Khan Academy Topic - Graphing parabolas in standard form

Graphing Parabolas in Standard Form: A Baker's Math Class Guide

Welcome to Professor Baker's Math Class! Today, we're diving into the world of parabolas and learning how to graph them when they're presented in standard form. Don't worry, it's easier than it looks! By the end of this guide, you'll be able to confidently sketch parabolas and understand their key features.

Understanding Standard Form

The standard form of a quadratic equation, which represents a parabola, is given by:

$$f(x) = ax^2 + bx + c$$

Where 'a', 'b', and 'c' are constants. Each of these constants provides valuable information about the parabola's shape and position.

Key Concepts and Steps

Here's a breakdown of the key steps involved in graphing a parabola in standard form:

1. Determine the Direction of Opening: The sign of 'a' determines whether the parabola opens upwards or downwards.
• If $a > 0$, the parabola opens upwards (it's a "happy" parabola).
• If $a < 0$, the parabola opens downwards (it's a "sad" parabola).
2. Find the Vertex: The vertex is the turning point of the parabola. Its x-coordinate ($h$) can be found using the following formula:
$$h = \frac{-b}{2a}$$

Once you have the x-coordinate, plug it back into the original equation to find the y-coordinate ($k$) of the vertex: $k = f(h)$. So, the vertex is the point $(h, k)$.

3. Find the Axis of Symmetry: The axis of symmetry is a vertical line that passes through the vertex and divides the parabola into two symmetrical halves. The equation of the axis of symmetry is:
$$x = h$$
4. Find the Y-intercept: The y-intercept is the point where the parabola intersects the y-axis. To find it, simply set $x = 0$ in the standard form equation:
$$f(0) = a(0)^2 + b(0) + c = c$$

Therefore, the y-intercept is the point $(0, c)$.

5. Find the X-intercepts (if they exist): The x-intercepts are the points where the parabola intersects the x-axis. To find them, set $f(x) = 0$ and solve the quadratic equation:
   $$ax^2 + bx + c = 0$$

   You can solve this equation using factoring, the quadratic formula, or completing the square.

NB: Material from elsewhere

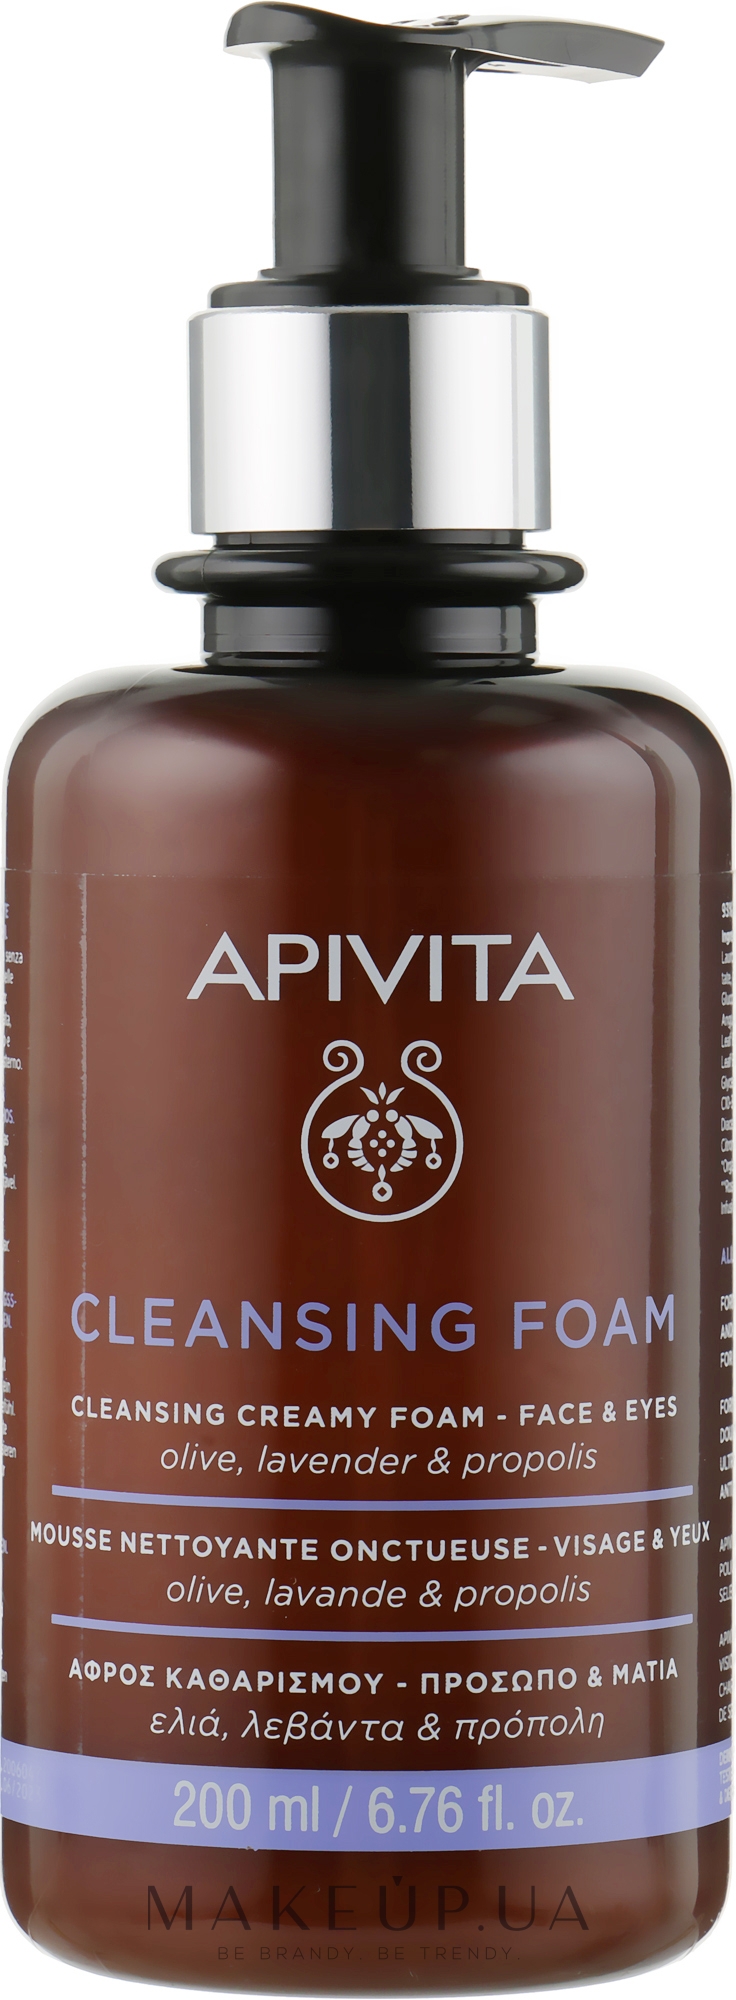 Пенка для очищения лица и глаз с оливой, лавандой и прополисом - Apivita Face & Eye Olive Lavender & Propolis Cleansing Foam — фото 200ml

The quadratic formula is:

   $$x = \frac{-b \pm \sqrt{b^2 - 4ac}}{2a}$$

   The discriminant, $b^2 - 4ac$, tells you how many x-intercepts there are:

   • If $b^2 - 4ac > 0$, there are two distinct x-intercepts.
   • If $b^2 - 4ac = 0$, there is one x-intercept (the vertex touches the x-axis).
   • If $b^2 - 4ac < 0$, there are no real x-intercepts.
6. Plot the Points and Sketch the Parabola: Plot the vertex, y-intercept, and x-intercepts (if any) on a coordinate plane. Use the axis of symmetry to find additional points. Then, draw a smooth curve through the points to sketch the parabola.

Example

Let's graph the parabola defined by the equation $f(x) = x^2 - 4x + 3$.

1. $a = 1$, so the parabola opens upwards.
2. $h = \frac{-(-4)}{2(1)} = 2$. $k = f(2) = (2)^2 - 4(2) + 3 = -1$. The vertex is $(2, -1)$.
3. The axis of symmetry is $x = 2$.
4. The y-intercept is $(0, 3)$.
5. To find the x-intercepts, solve $x^2 - 4x + 3 = 0$. This factors to $(x - 1)(x - 3) = 0$, so the x-intercepts are $(1, 0)$ and $(3, 0)$.
6. Plot these points and draw the parabola!

Practice Makes Perfect!

Graphing parabolas takes practice. Work through several examples, and don't be afraid to make mistakes – that's how we learn! Remember to focus on understanding the role of each constant in the standard form equation. Good luck, and happy graphing!